657 sayılı Devlet Memurları Kanunu incelendiğinde, devlet memurlarının ve dolayısıyla belediye personelinin çalışma saatlerine ve çalışma saatlerinin başlama-bitiş saatlerine yönelik düzenlemelerin mevcudiyeti tespit edilmiştir. Ancak, bu kapsamda çalışanın mesaideki devamlılığının kontrolü amacıyla özel nitelikli kişisel verilerinin işlenmesine yönelik açık bir düzenlemenin yer almadığını tespit etmiştir. 5393 sayılı Belediye Kanunu’nda da belediye başkanının yetkisi olan belediye teşkilatını sevk ve idare etme yetkisinin kapsamında, özel nitelikli kişisel verilerin işlenmesine yönelik bir düzenleme olmadığı sonucuna varılmıştır.

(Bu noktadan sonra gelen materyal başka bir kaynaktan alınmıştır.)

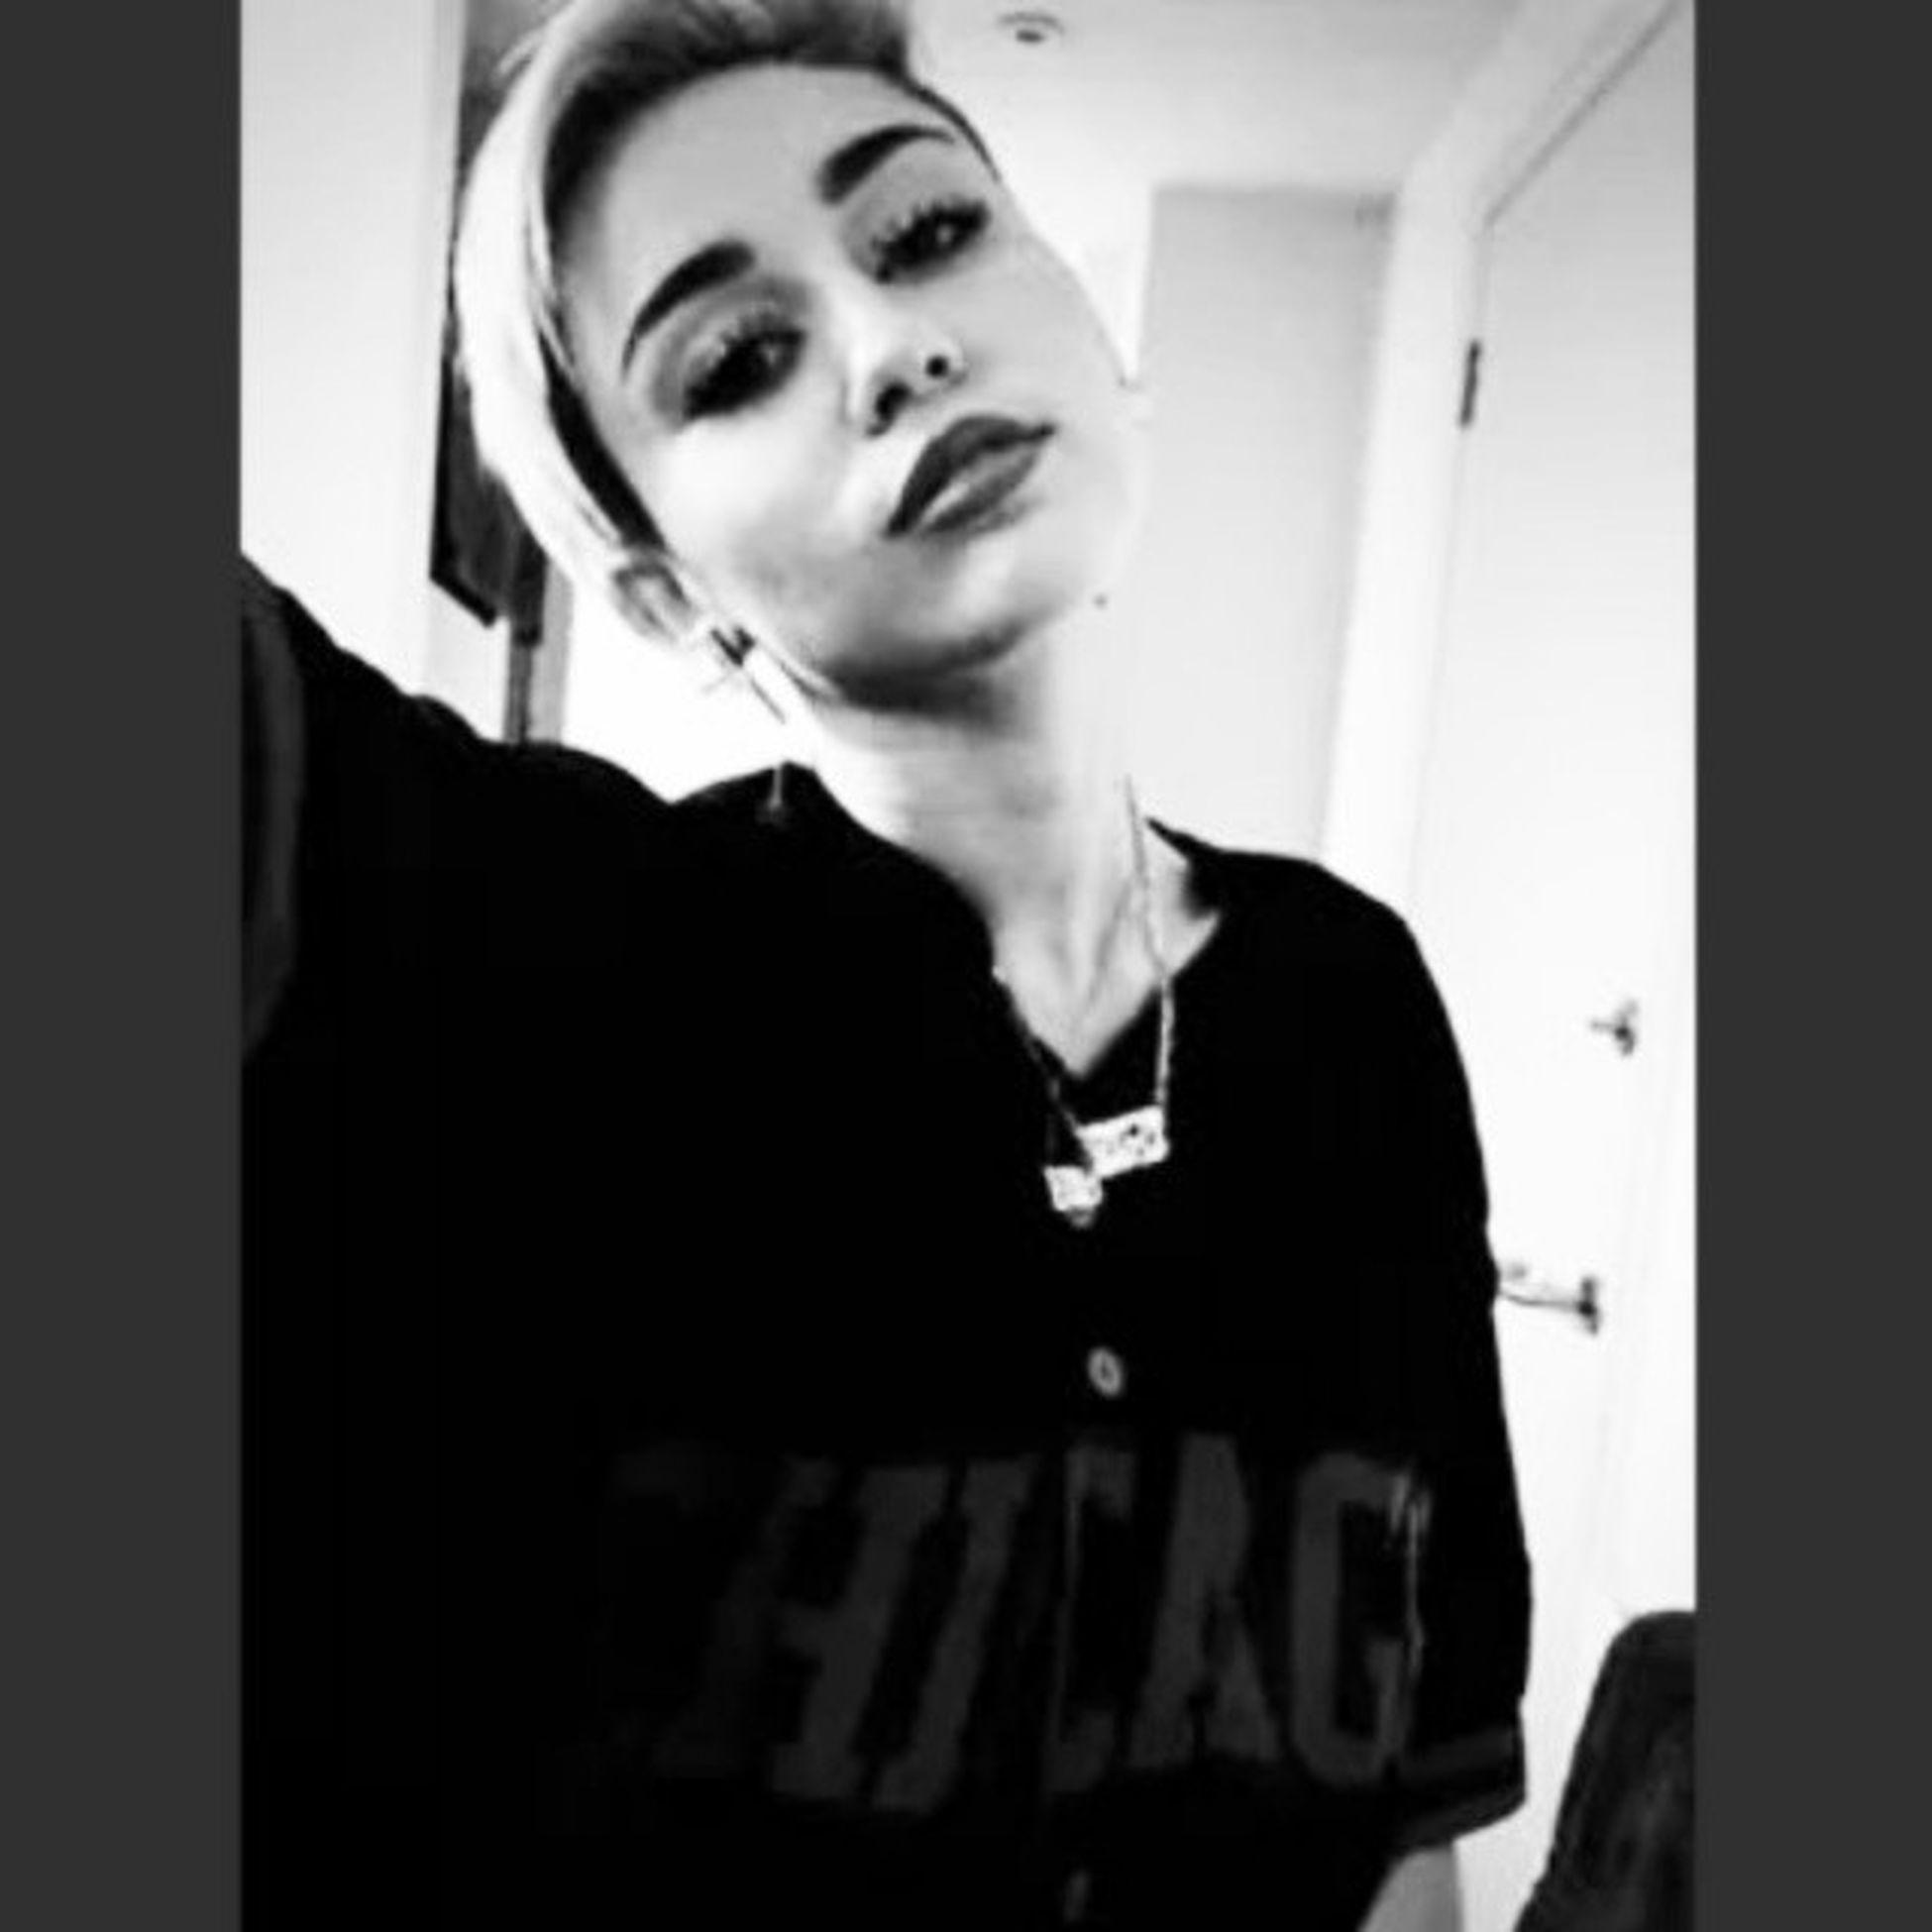 She's so BEAUTIFUL. Milena Miley Pretty Sweet Serious SHEISNOTNORMAL Sheiscrazy ILOVEHERSTYLE ITSVERYBEAUTIFUL Strong Instacrazy Instaserious Instaidol

Başvuruya konu uygulamanın kanunlar ile açıkça öngörülmediği değerlendirmesinin ardından Anayasa Mahkemesi, Anayasa’da öngörülen diğer güvence ölçütlerine uyulup uyulmadığını incelemeksizin, başvurucunun Anayasa’nın 20. maddesi ile korunan özel hayata saygı hakkı kapsamındaki kişisel verilerinin korunmasını isteme hakkının ihlal edildiğine karar vermiştir.

Sonuç

Karar ile Anayasa Mahkemesi, biyometrik verilerin (yani, özel nitelikli verilerin) ilgilinin açık rızası hilafına kullanılmasını değerlendirmiştir. İlgilinin açık rızasının bulunmaması ve kanunlarda biyometrik verilerin açık rıza aranmaksızın işlenebileceğine dair özel bir düzenleme yer almamasından hareketle, belediyenin parmak izi ile mesai takibi yapmasını ilgilinin kişisel verilerinin korunmasını isteme hakkına yönelik bir ihlal olarak değerlendirmiştir.